BOLIVIA: Indigenous women in La Paz show off 2008 styles at a fashion show where colorful indigenous clothing is enjoying a revival
Record ID:
197348
BOLIVIA: Indigenous women in La Paz show off 2008 styles at a fashion show where colorful indigenous clothing is enjoying a revival
- Title: BOLIVIA: Indigenous women in La Paz show off 2008 styles at a fashion show where colorful indigenous clothing is enjoying a revival
- Date: 2nd August 2007
- Summary: (L!2) LA PAZ , BOLIVIA (JULY 27, 2007) (REUTERS) CHOLA MODEL SHOWING NEW 2008 STYLES GENERAL VIEW OF MODELS SHOWING NEW CLOTHES CLOSE UP OF SHOES VARIOUS OF CHOLA MODEL SHOWING OUTFIT
- Embargoed: 17th August 2007 13:00
- Keywords:
- Topics: Fashion
- Reuters ID: LVADIVA816IARTDEE6LI1TXQTXZT
- Story Text: Bolivia's indigenous women took to the catwalk in La Paz on Friday (July 27), showing off the latest twists on traditional garb.
Indigenous women, known locally as cholas, have rediscovered pride in their traditional layer skirts and bowler hats, making them hip fashion items under the country's first Indian president, Evo Morales.
The clothes, long denigrated, are suddenly cool in South America's poorest country as models strut down catwalks in glamorized designer versions of the voluminous pollera (poh-YER-ah) skirts once considered peasant garb.

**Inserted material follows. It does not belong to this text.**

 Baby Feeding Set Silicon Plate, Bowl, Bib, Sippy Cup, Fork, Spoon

"We wear these clothes more proudly, more hopefully, now that a man of the people is leading the country," said 22-year-old model Taty Chaira.

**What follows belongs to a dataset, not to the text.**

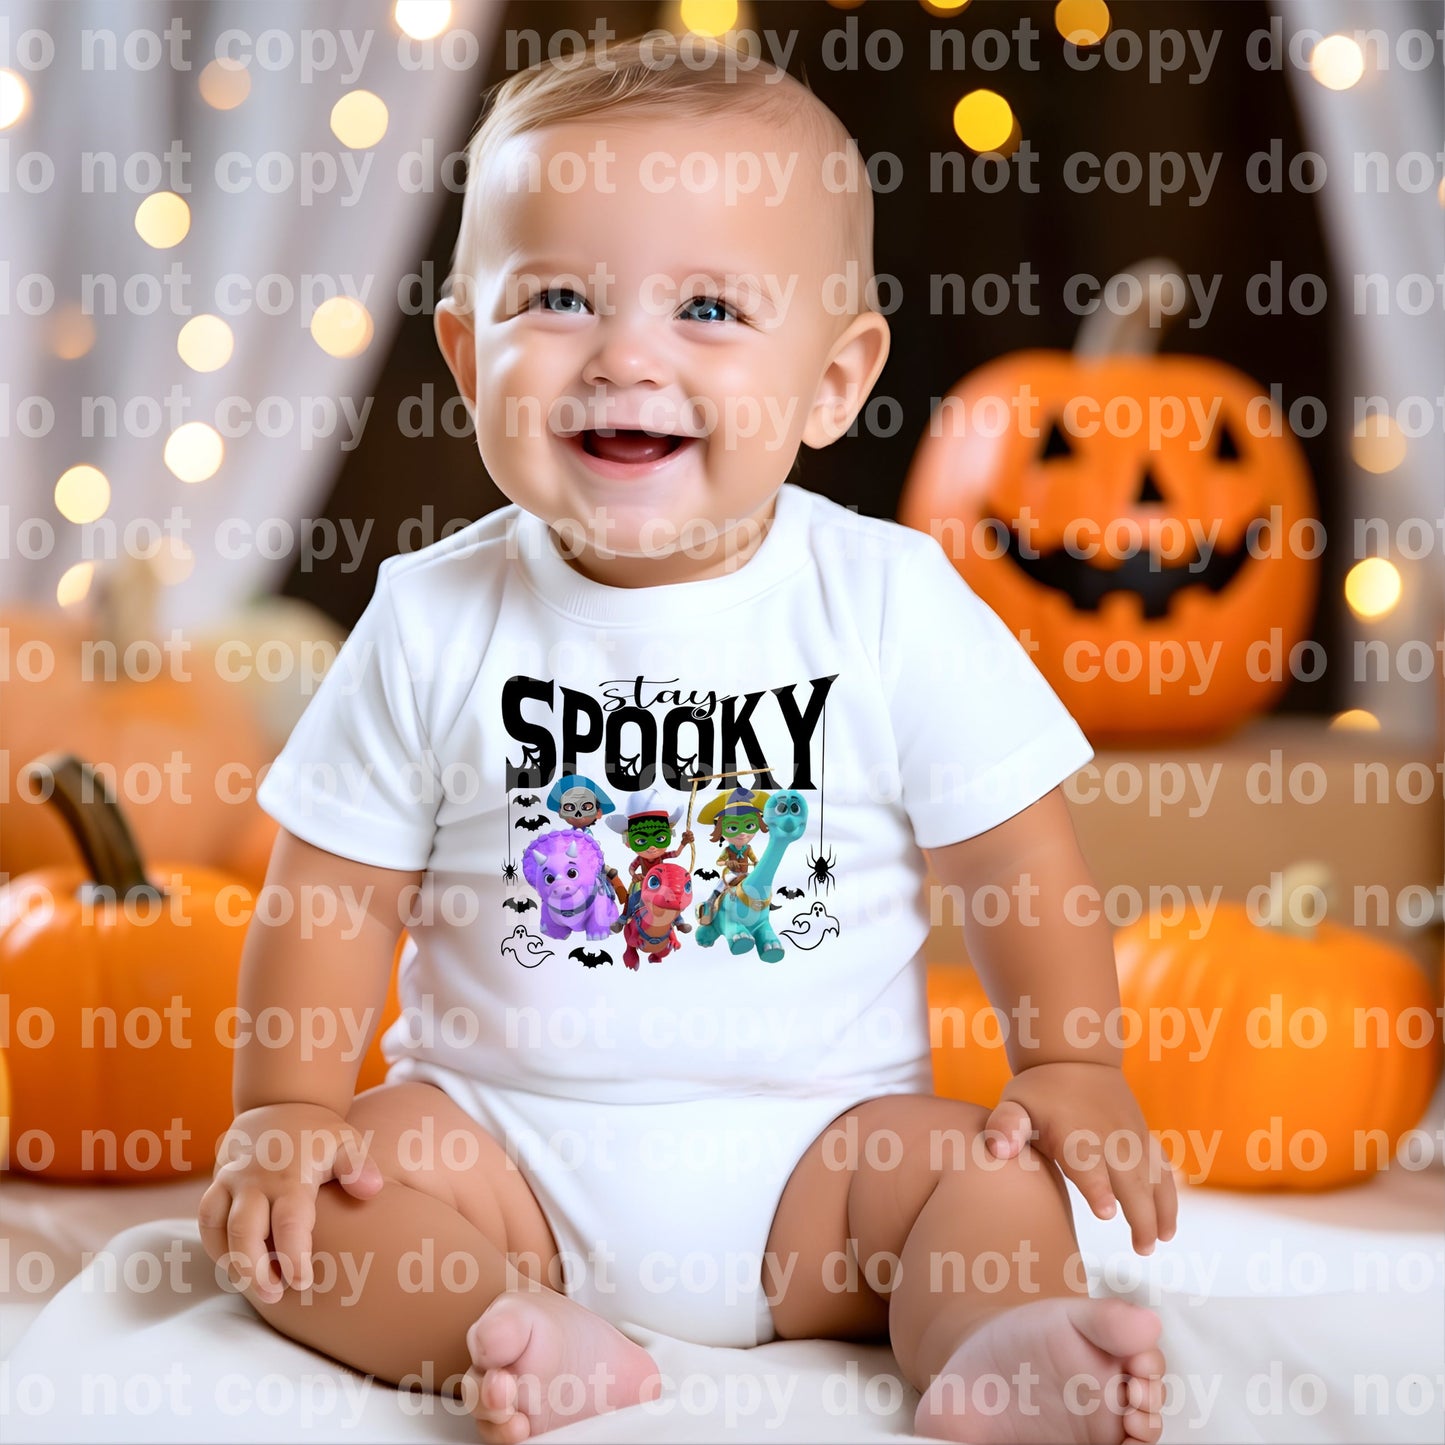 Stay Spooky Kids Dinosaurs Dream Print or Sublimation Print

Bolivian market women have long charmed tourists in their distinctive skirts and bowler hats, a style imposed centuries ago by European colonizers, and some congresswomen have worn the pollera proudly for years.
But Morales' message of indigenous empowerment has inspired secretaries, college students and bureaucrats to embrace luxury versions of the traditional outfit. Some young women who once rejected the pollera now wear it on special occasions.
Sensing a business opportunity when her fans raved over her outfits, 28-year-old Veronica Diaz, host of the Fiesta and Folklore television program, opened a small shop stuffed with her extravagant pollera and shawl designs.
"This year we will want to show the elegance more than anything, the pastel colors. We want to put in some gold colors and more of everything so the cholas in La Paz can show their elegant colors. There aren't so many flower prints or yellows anymore, but more pastels so cholas can be elegant in any situation," Diaz said at Friday's show.
People like Diaz are even championing a new term for women who wear the pollera and bowler to replace the word cholas: "pollera women".
Morales has promised Bolivia's majority indigenous population he will attack poverty with a state takeover of oil fields and give them more dignity by redesigning government to follow traditions dating back to the Inca empire.